Background and Overview. The superlatives simply fly when discussions of Ansel Adams are had; while the photographer had his critics, by and large, the American public loved the man and his work. "Anyone can understand the art of Ansel Adams," Brower notes, "whose images just knock one over. What role does that leave the critic?" (133). Anyone who has seen an Adams' photograph -- which is to say virtually everyone -- is immediately impressed with both the quality of the composition as well as the clarity of execution. According to Fischer (1996), "The photographs of Ansel Adams stress self-realization through identification with a natural setting" (365).
Historical Significance of Ansel Adams. Adams has left a profound legacy by generating continuing and renewed interest in the conservation of the wilderness areas of the United States, as well as introducing innovations into the field of nature photography. For example, in his essay, "Layers: Looking at Photography and Photoshop," Flagan (2002) points out that "anyone familiar with photography, and especially the large-format variety, will perhaps recognize immediate echoes of another process, another system, invented many years prior in the 1940s by Yosemite legend and modernist photographer extraordinaire, Ansel Adams" (10). The photographic process referred to here was the invention Adams called the Zone System.
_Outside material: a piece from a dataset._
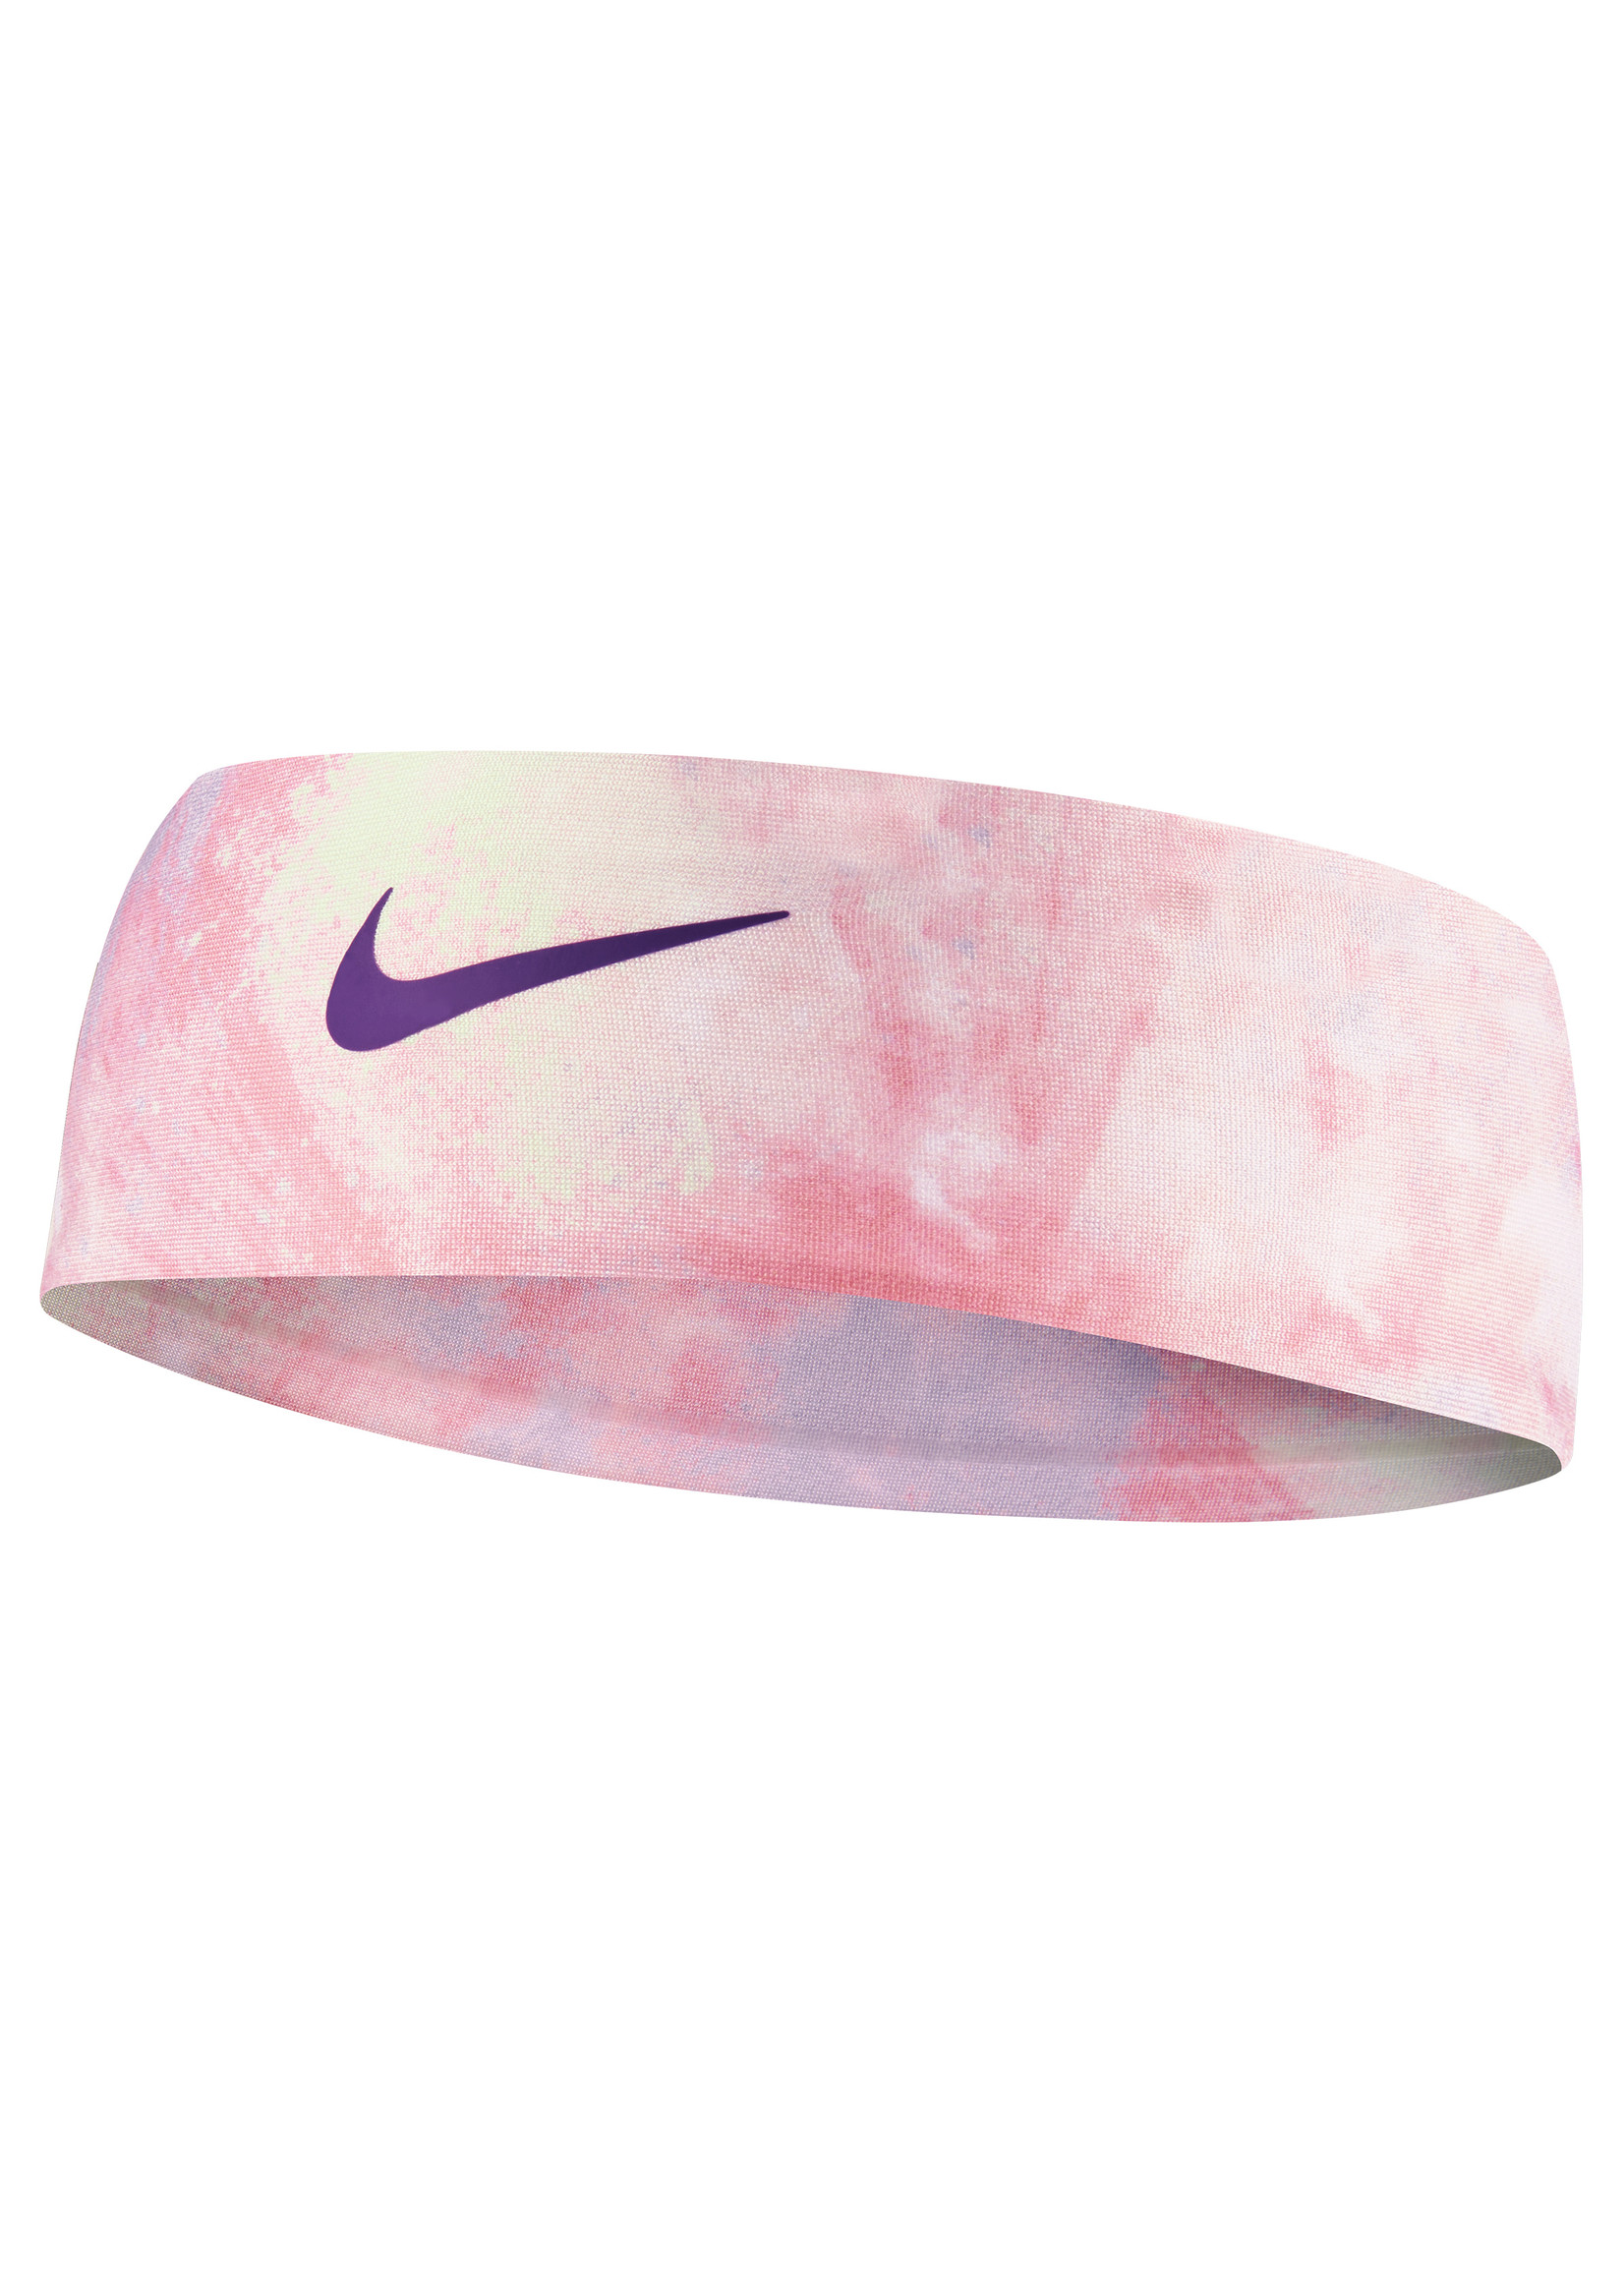 Nike Fury Headband 2.0 Pink/ Purple Youth
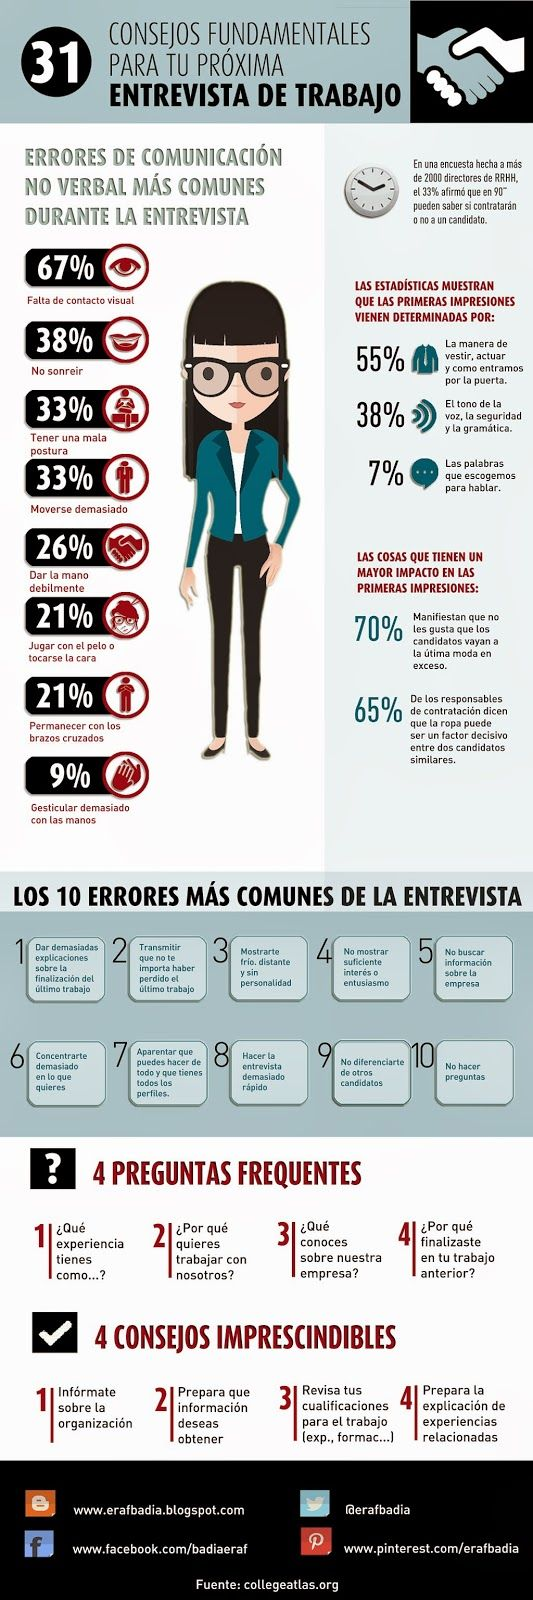 31 consejos para tu próxima entrevista de trabajo. Infografía. ~ ESPAI DE RECERCA ACTIVA DE FEINA

This technique was based on the principles of densitometry (the term is used here in relation to the optical density of photographic negatives and is usually referred to in previous studies as sensitometry); Adam's Zone System, developed in collaboration with Fred Archer in the early 1940s, is a method that permits a photographer to coordinate exposure readings with exposure and development controls based on a pre-visualization of the final photographic print (Flagan 11).
The first step involved in understanding and using Adams' Zone System involves a division of the continuous, analog grayscale of a photographic print into ten discrete units, or what Adams termed "zones." In order to maintain a separation of the zones from other measurements, such as exposure readings, Adams assigned them Roman numerals, thereby capturing the entire range of tones from of the deepest black (where all the silver in the paper has been exposed), to the brightest white (rendering nothing but the paper base), on a scale of 0-X (Flagan 11).
When taking photographs in the field, photographers using the Zone System would set up their equipment before the selected scene and perform a series of meter readings; the photographers would then envision what they would like the desired final print to look like and make the exposure accordingly. According to Flagan, exposures would normally be made for the deepest shadow area with detail, which would fall on Zone Ill in Adams's system, and then develop the negative with contraction or expansion of the highlight values, in essence controlling contrast through changes in development time. The photographic product that resulted, as Adams himself, noted, was not that much concerned with the "reality" of the scene: "Many consider my photographs to be in the 'realistic' category. Actually, what reality they have is in their optical-image accuracy; their values are definitely 'departures from reality'" (Adams cited in Flagan 11).